The line containing "Bordure de mur" marks where copying starts, so set down that line and each one after it exactly, through the end of the records.

◆ **Data records**
○ ○ ○

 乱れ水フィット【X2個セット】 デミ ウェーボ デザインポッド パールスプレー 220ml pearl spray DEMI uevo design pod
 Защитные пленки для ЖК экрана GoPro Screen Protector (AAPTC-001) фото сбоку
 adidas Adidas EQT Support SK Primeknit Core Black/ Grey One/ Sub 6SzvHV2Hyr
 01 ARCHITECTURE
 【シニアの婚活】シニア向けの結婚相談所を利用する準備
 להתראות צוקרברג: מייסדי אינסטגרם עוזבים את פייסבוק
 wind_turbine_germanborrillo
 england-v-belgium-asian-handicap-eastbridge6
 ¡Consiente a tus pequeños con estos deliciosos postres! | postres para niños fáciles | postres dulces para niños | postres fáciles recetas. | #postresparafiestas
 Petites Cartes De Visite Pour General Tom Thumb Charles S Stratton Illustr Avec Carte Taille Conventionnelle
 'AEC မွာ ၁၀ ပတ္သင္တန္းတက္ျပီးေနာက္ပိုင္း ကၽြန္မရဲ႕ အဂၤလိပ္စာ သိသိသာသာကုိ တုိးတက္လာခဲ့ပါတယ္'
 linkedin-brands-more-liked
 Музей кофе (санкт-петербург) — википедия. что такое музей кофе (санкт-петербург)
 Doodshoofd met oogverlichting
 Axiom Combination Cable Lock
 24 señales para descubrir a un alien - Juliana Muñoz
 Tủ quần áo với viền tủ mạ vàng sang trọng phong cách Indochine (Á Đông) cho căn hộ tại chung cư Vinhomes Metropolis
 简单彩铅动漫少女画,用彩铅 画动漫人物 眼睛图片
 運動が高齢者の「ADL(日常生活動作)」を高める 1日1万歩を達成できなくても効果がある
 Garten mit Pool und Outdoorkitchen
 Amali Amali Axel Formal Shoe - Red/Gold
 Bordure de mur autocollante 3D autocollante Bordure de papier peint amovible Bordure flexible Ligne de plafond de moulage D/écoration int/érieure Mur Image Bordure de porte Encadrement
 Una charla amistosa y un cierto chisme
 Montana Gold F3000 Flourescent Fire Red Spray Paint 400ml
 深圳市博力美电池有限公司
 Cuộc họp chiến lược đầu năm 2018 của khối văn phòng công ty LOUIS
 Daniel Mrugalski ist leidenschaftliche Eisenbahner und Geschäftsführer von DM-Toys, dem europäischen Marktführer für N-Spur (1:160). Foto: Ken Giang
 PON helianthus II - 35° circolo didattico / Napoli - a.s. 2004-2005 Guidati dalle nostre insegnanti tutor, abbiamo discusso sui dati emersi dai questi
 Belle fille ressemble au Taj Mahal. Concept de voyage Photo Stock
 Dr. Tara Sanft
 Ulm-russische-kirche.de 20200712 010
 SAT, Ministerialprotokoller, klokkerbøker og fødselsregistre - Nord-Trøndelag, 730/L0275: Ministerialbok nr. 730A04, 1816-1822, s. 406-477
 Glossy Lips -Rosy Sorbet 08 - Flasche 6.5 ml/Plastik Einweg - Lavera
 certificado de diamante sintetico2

○ ○ ○

◆ **Response to the task**
 Bordure de mur autocollante 3D autocollante Bordure de papier peint amovible Bordure flexible Ligne de plafond de moulage D/écoration int/érieure Mur Image Bordure de porte Encadrement
 Una charla amistosa y un cierto chisme
 Montana Gold F3000 Flourescent Fire Red Spray Paint 400ml
 深圳市博力美电池有限公司
 Cuộc họp chiến lược đầu năm 2018 của khối văn phòng công ty LOUIS
 Daniel Mrugalski ist leidenschaftliche Eisenbahner und Geschäftsführer von DM-Toys, dem europäischen Marktführer für N-Spur (1:160). Foto: Ken Giang
 PON helianthus II - 35° circolo didattico / Napoli - a.s. 2004-2005 Guidati dalle nostre insegnanti tutor, abbiamo discusso sui dati emersi dai questi
 Belle fille ressemble au Taj Mahal. Concept de voyage Photo Stock
 Dr. Tara Sanft
 Ulm-russische-kirche.de 20200712 010
 SAT, Ministerialprotokoller, klokkerbøker og fødselsregistre - Nord-Trøndelag, 730/L0275: Ministerialbok nr. 730A04, 1816-1822, s. 406-477
 Glossy Lips -Rosy Sorbet 08 - Flasche 6.5 ml/Plastik Einweg - Lavera
 certificado de diamante sintetico2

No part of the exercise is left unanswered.